HIGH STREET, DUMFRIES (p. [319]).
Annandale is the second division of Dumfries. ANNAN means in Celtic “quiet water”; perhaps that river was called so in fear, to propitiate the water-sprite, as malignant fairies were dubbed “the good people” to ward off their anger. Allan Cunningham lauds it as the “Silver Annan,” but none the less he has some hard words for it:—
“The cushat, hark, a tale of woe
Is to its true love telling;
And Annan stream in drowning wrath
Is through the greenwood swelling.”
And the old ballad of “Annan Water” calls it a “drumlie river,” and tells a most melancholious tale of a lover and his steed drowned whilst attempting to cross it to keep tryst with his love, Annie, who, we are assured, was “wondrous bonny.” The last verse warns the river that a bridge will presently be thrown over, that “ye nae mair true love may sever”: the prosaic purposes of transit to kirk or market being, of course, quite unworthy of a minstrel’s mention. Well! Annan has its moods—quiet and gentle in the pleasant summer days, given to violent outbursts in time of spate.

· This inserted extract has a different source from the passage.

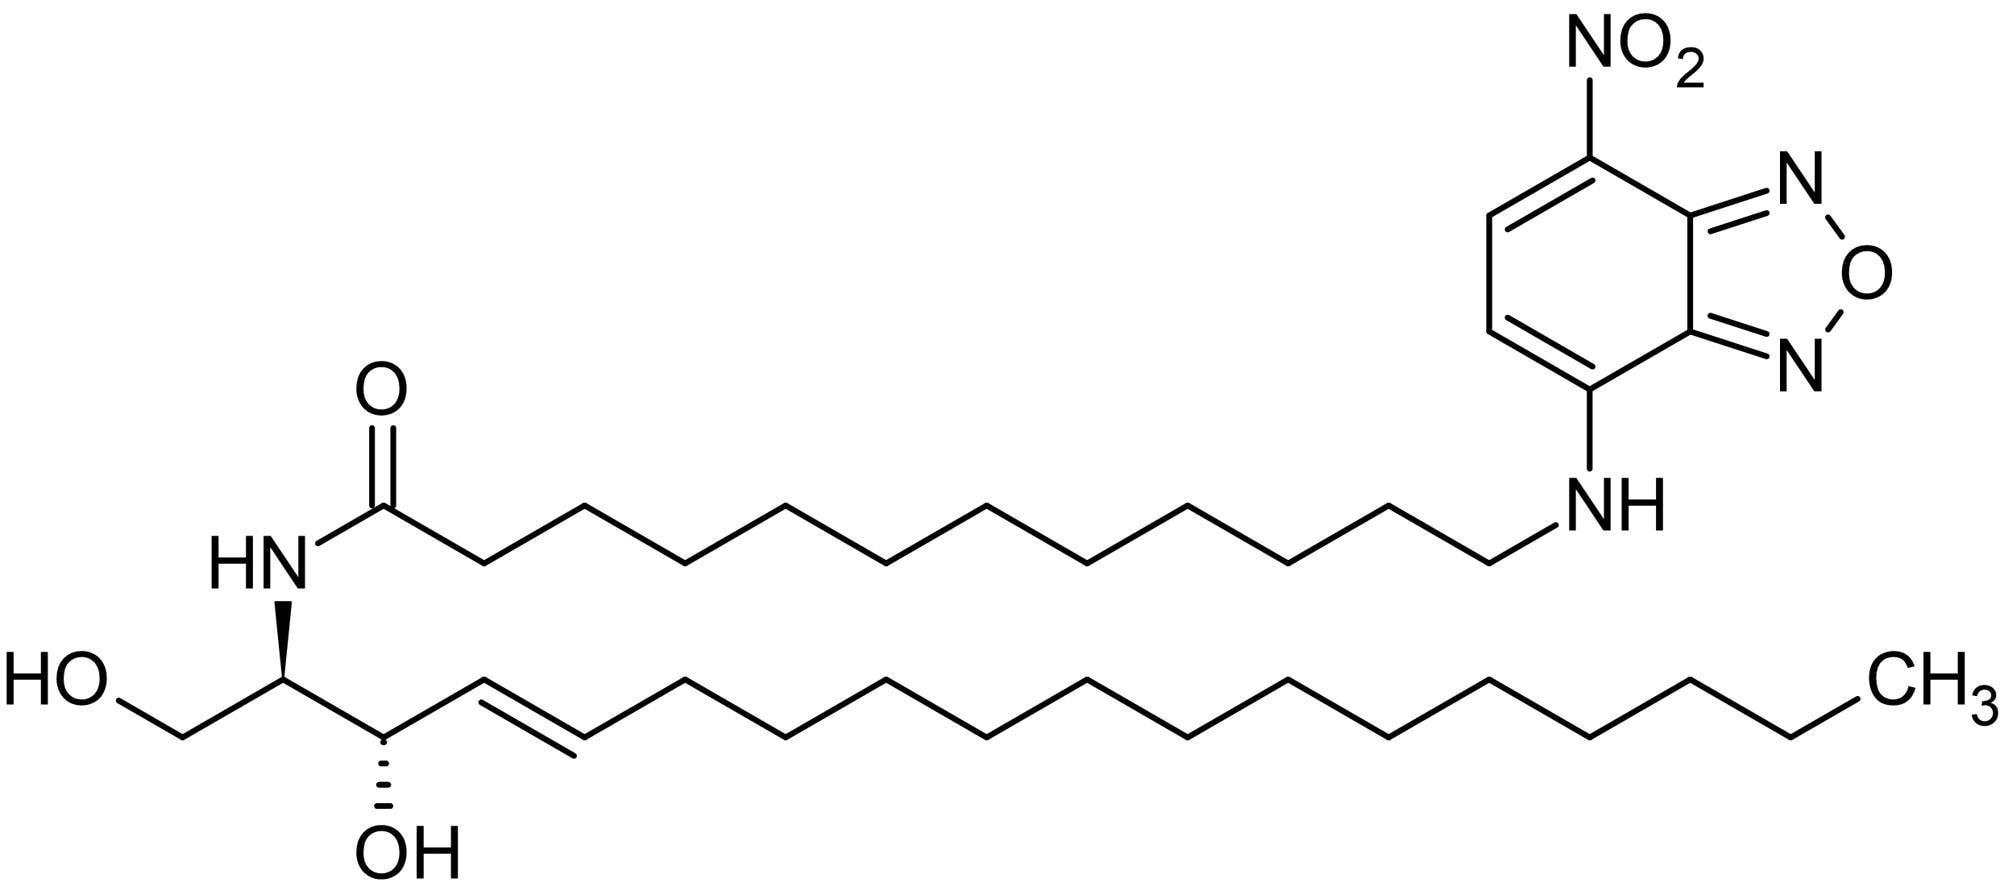 Chemical Structure - N-Dodecanoyl-NBD-D-erythro-sphingosine, Fluorescent C12:0-sphingosine ceramide analog (ab143985)
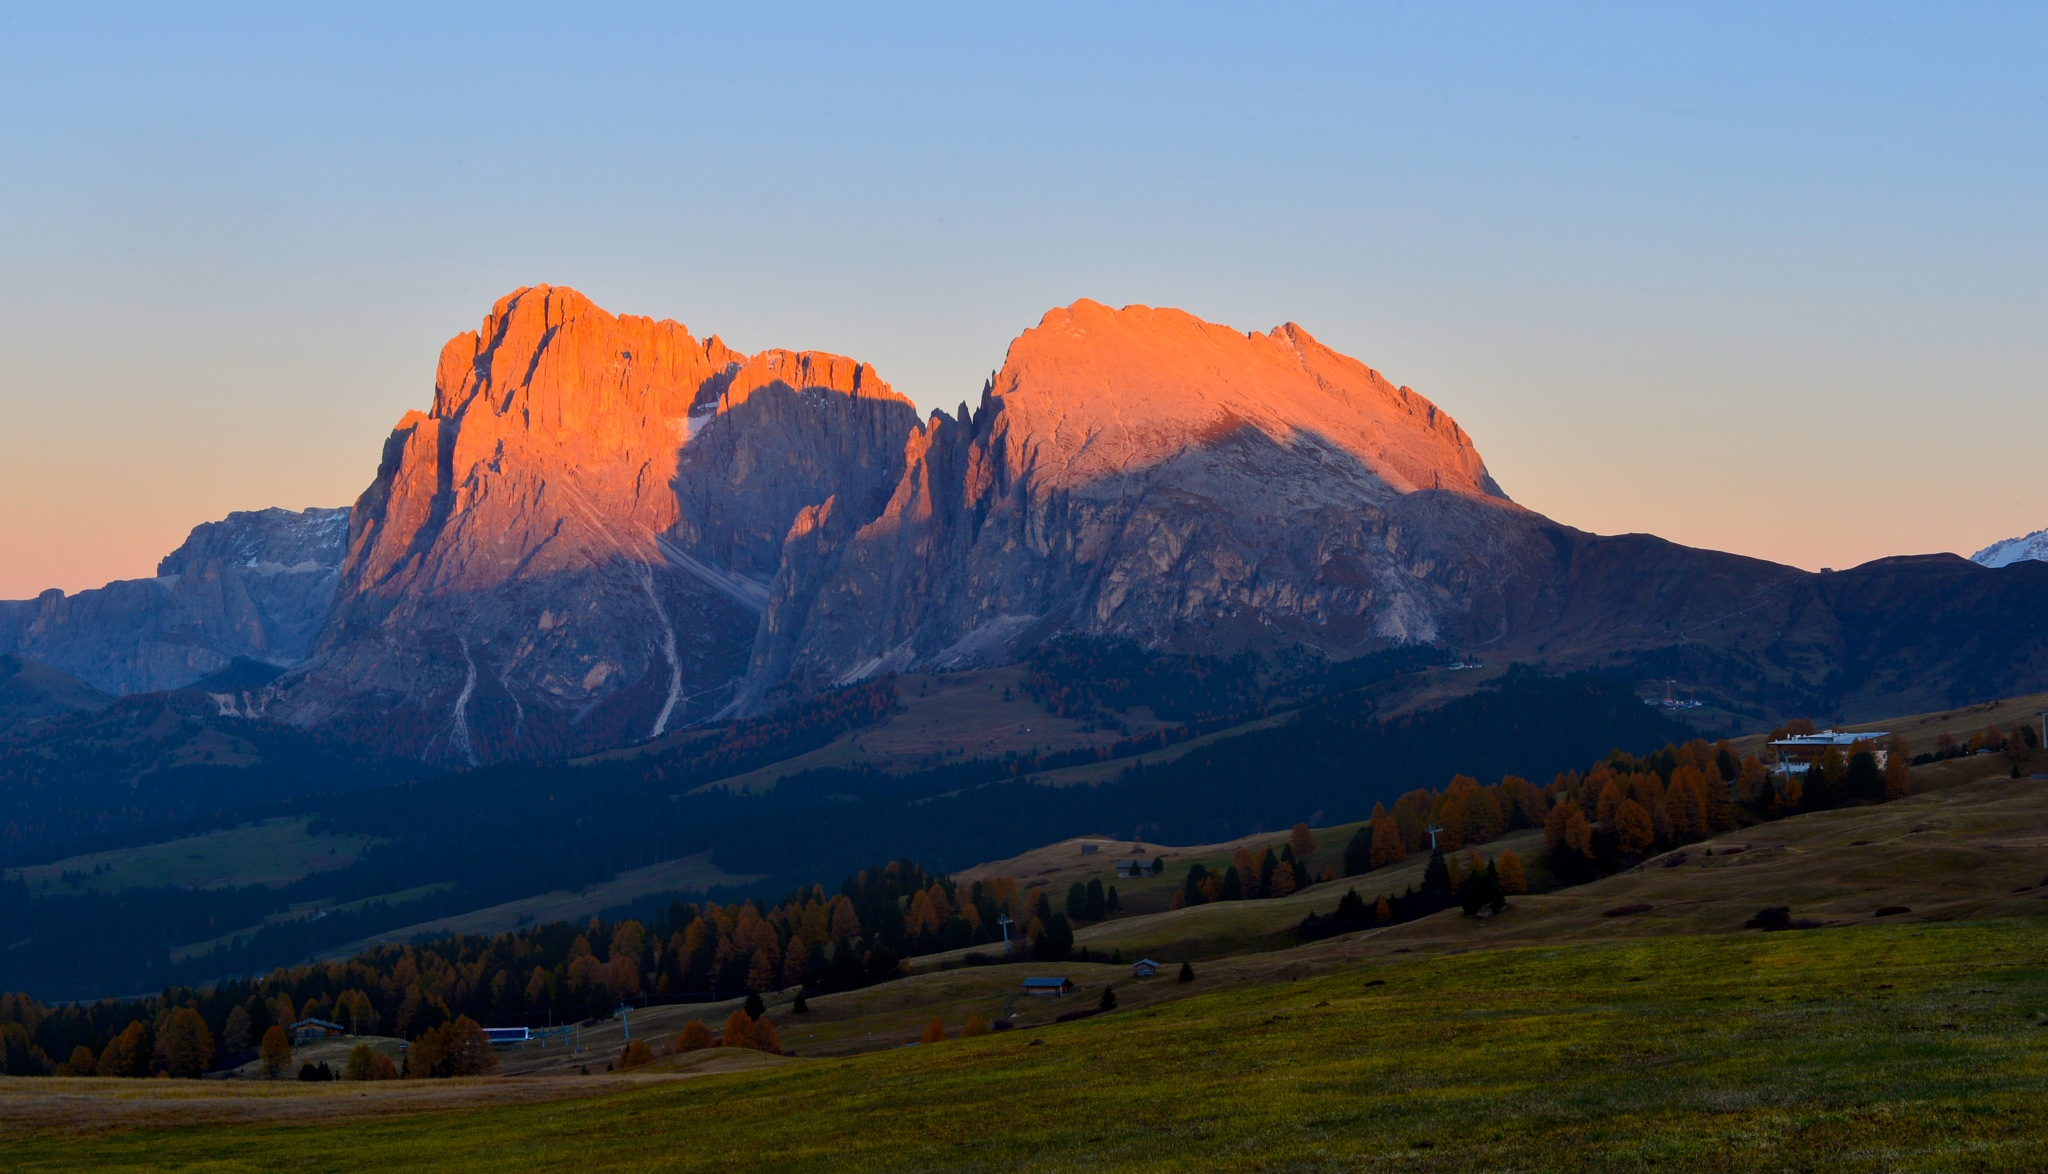 burning peaks by maurizio senoner

Annandale was the home of Bruce, and the great Robert is supposed to have been born at Lochmaben, which, situated on seven lochs, is a sort of Caledonian Venice. Bruce, not unmindful of the place of his nativity, is famed to have created it a royal burgh soon after his sword won him the crown. This did not prevent the citizens from treating through many generations his ancestral castle as a common quarry, and nothing is now left but a shapeless mass of stones. According to old Bellenden, in his translation of Boace (1536), the people of former times were a terrible lot; the women worst of all! “The wyvis usit to slay thair husbandis, quhen they wer found cowartis, or discomfit be thair ennymes, to give occasion to otheris to be more bald and hardy quhen danger occurrit.” “To learn them for their tricks,” as Burns might have remarked. Annandale’s most famous modern son was Thomas Carlyle, who, as everybody knows, was born at Ecclefechan in 1795, and was buried there at the end of his long career on a “cloudy, sleety day” early in 1881. Ecclefechan is on the Main Water, a tributary of the Annan; you will find it described in “Sartor Resartus” as Entepfuhl. Many spots around are connected with his life or works. Hoddam Kirk, his parish church, he pointed out to Emerson in a remarkable talk as an illustration of the connection of historical events. His once bosom friend, Edward Irving, was born in the town of Annan, of which Carlyle had his own memories, for here he went to school, first to learn, afterwards to teach. Craigenputtock, where he lived for six years, is in Nithsdale, the third division of Dumfries, to which we now turn.